Bike commuters on San Fernando Street, which is slated to get the city's first green bike lanes. Photo: Richard Masoner/Cyclelicious

San Jose — which wants its central district to become the urban center of Silicon Valley — hopes to build the Bay Area’s most bike-friendly downtown, where pedaling to work, school or the farmers market is “safe, convenient and commonplace” for people of all ages. The vision includes Long Beach-inspired bicycle-friendly business districts, where merchants would wholeheartedly embrace bike-riding shoppers and diners.

“Our ambition is to retrofit a city that has been built for cars into one that is built for people,” said Council Member Sam Liccardo, who represents downtown and commutes by bike to San Jose City Hall three days a week. “The vibrancy that we hope and expect it will bring to our streetscape will start to change perceptions of San Jose throughout the region.”
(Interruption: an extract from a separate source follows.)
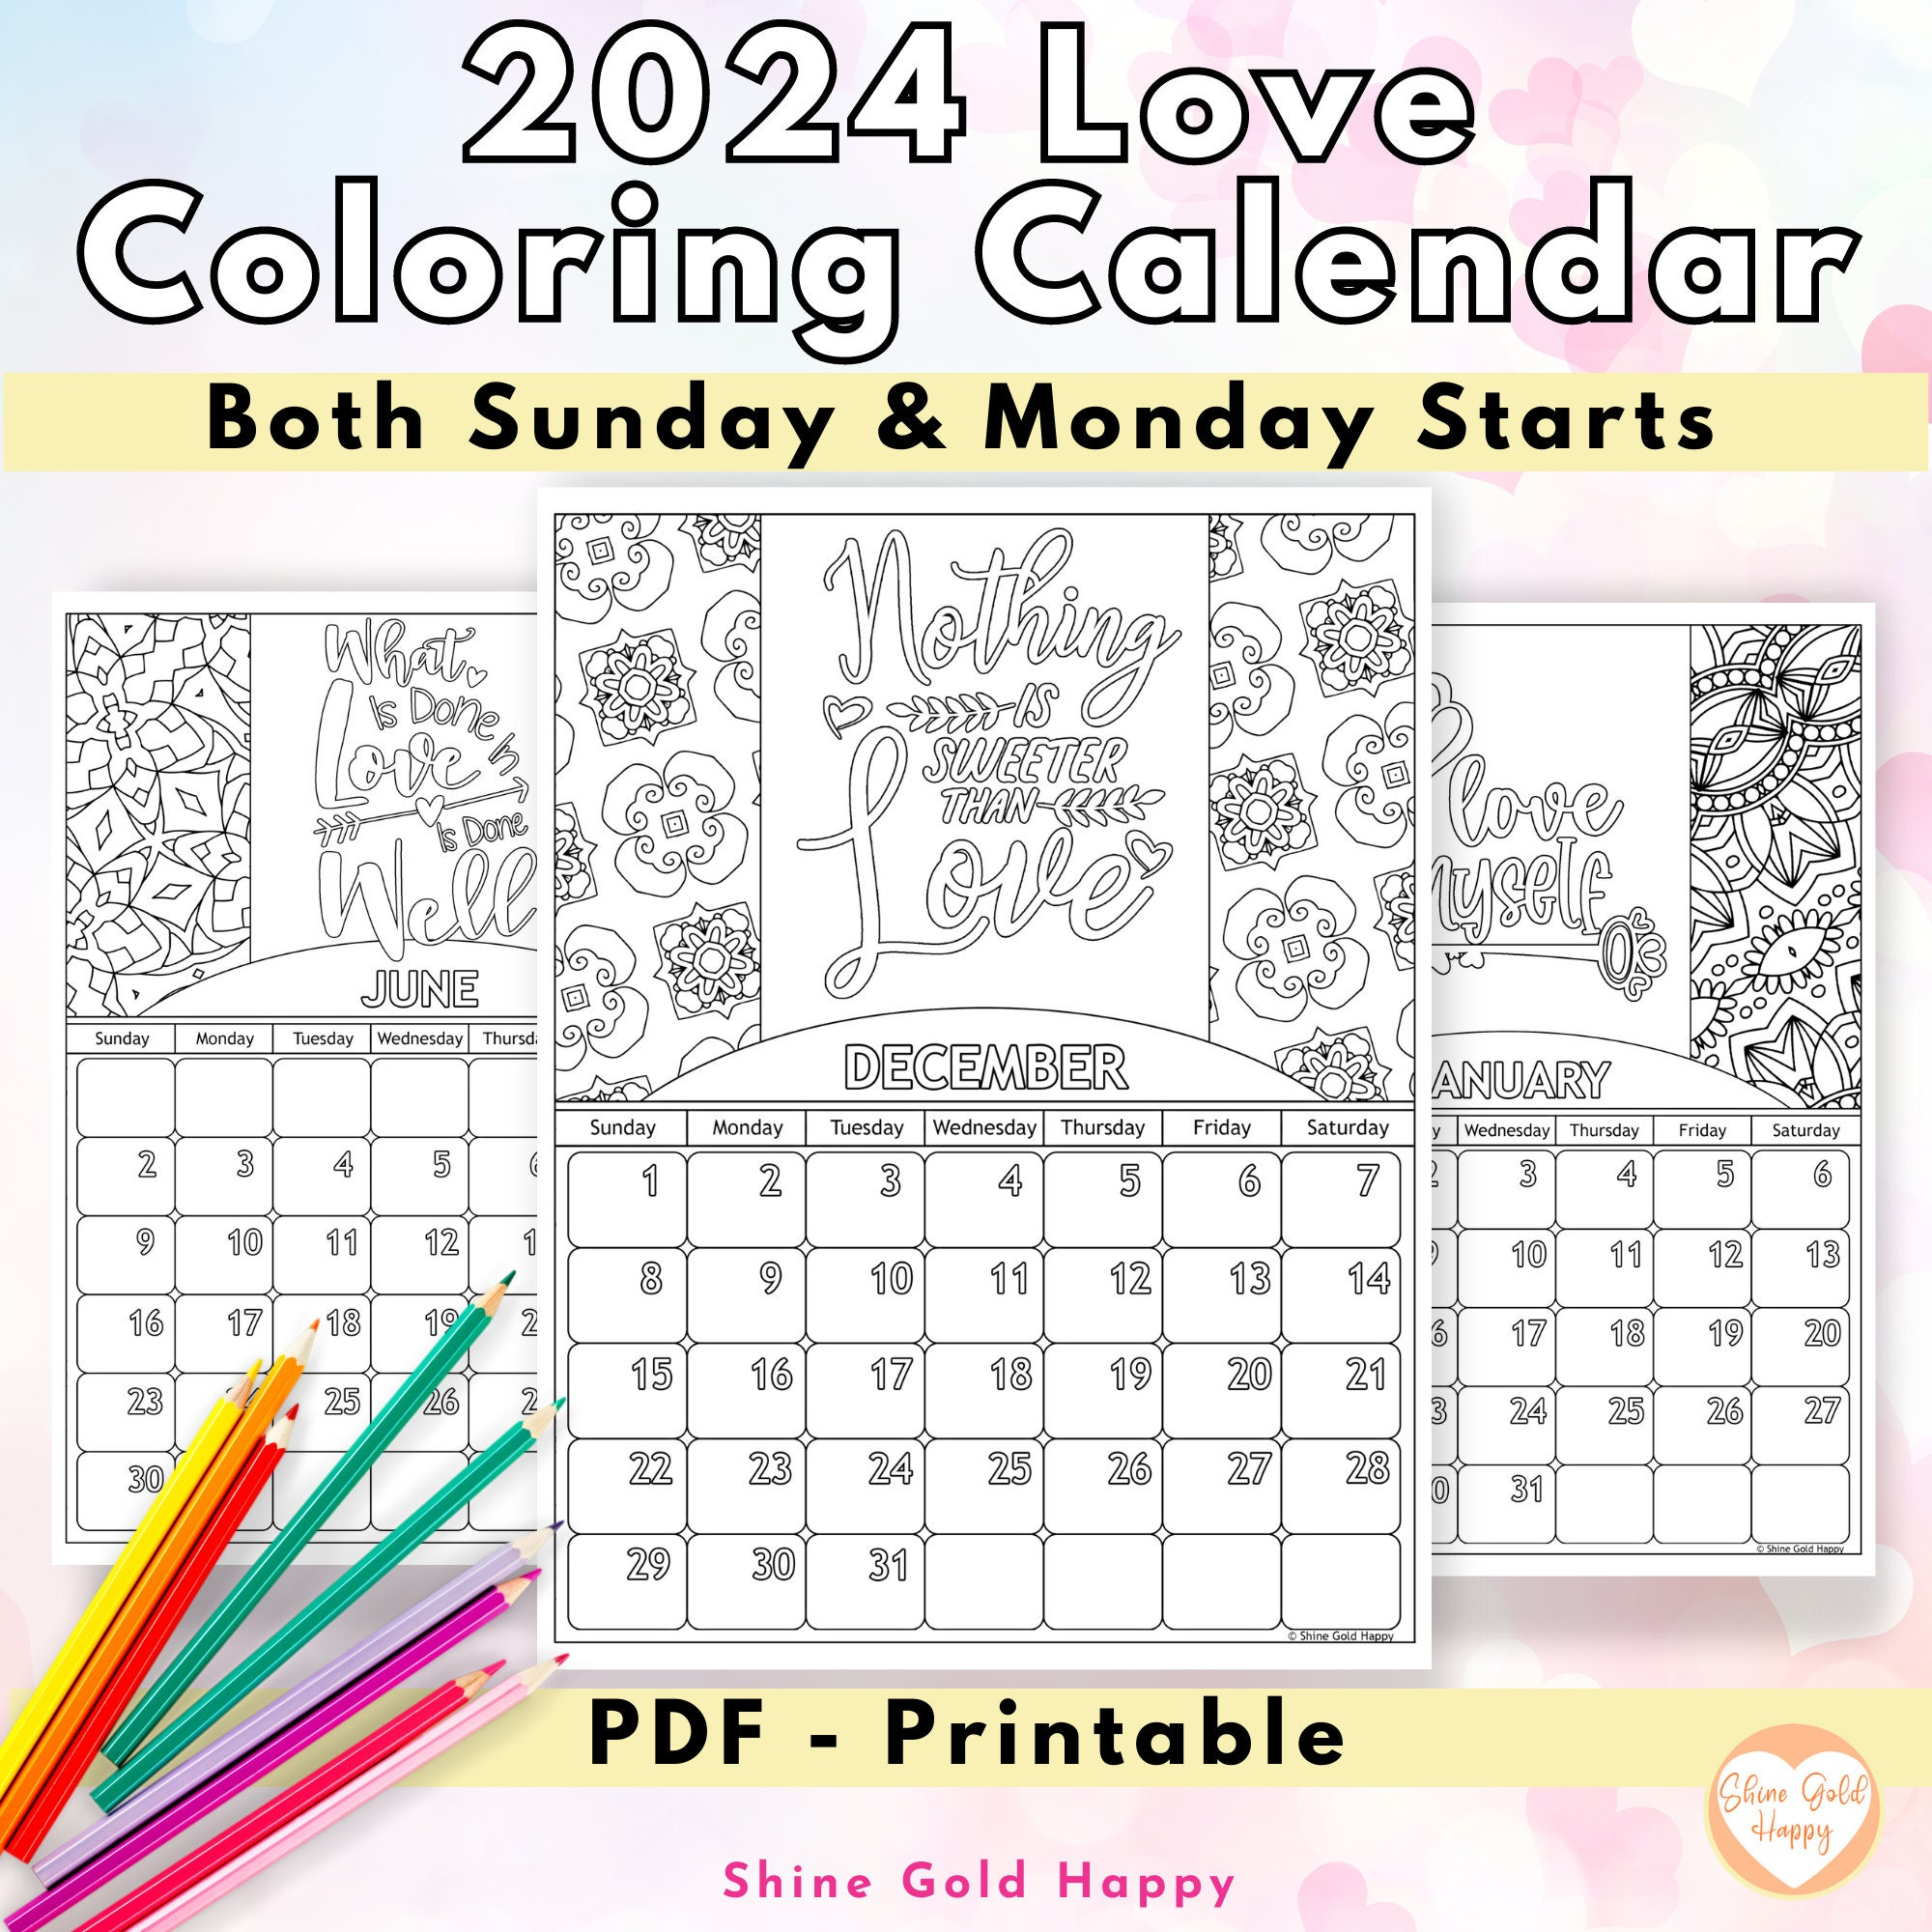 2024 Love Coloring Calendar Printable Calendar 2024 Pdf - Etsy | Printable Coloring Calendar 2024

The city is also planning beyond downtown and wants to create a strong network of convenient crosstown bikeways linking the auto-oriented suburban ring to the transit-rich urban core.

“It’s sunny 300 days a year and we don’t have San Francisco hills,” said Colin Heyne, deputy director of the Silicon Valley Bike Coalition. “Nature has given us this opportunity to become a great place to walk and bike.”

Though only 1.2 percent of San Jose residents commute by bike, according to the city’s tally, anecdotally the trend seems to be pointing toward higher rates. The popular San Jose Bike Party has helped to boost ridership, drawing many first time riders inspired by the impressive monthly display of bike culture. The city has set a 5 percent bike mode share goal by 2020, and 15 percent by 2040.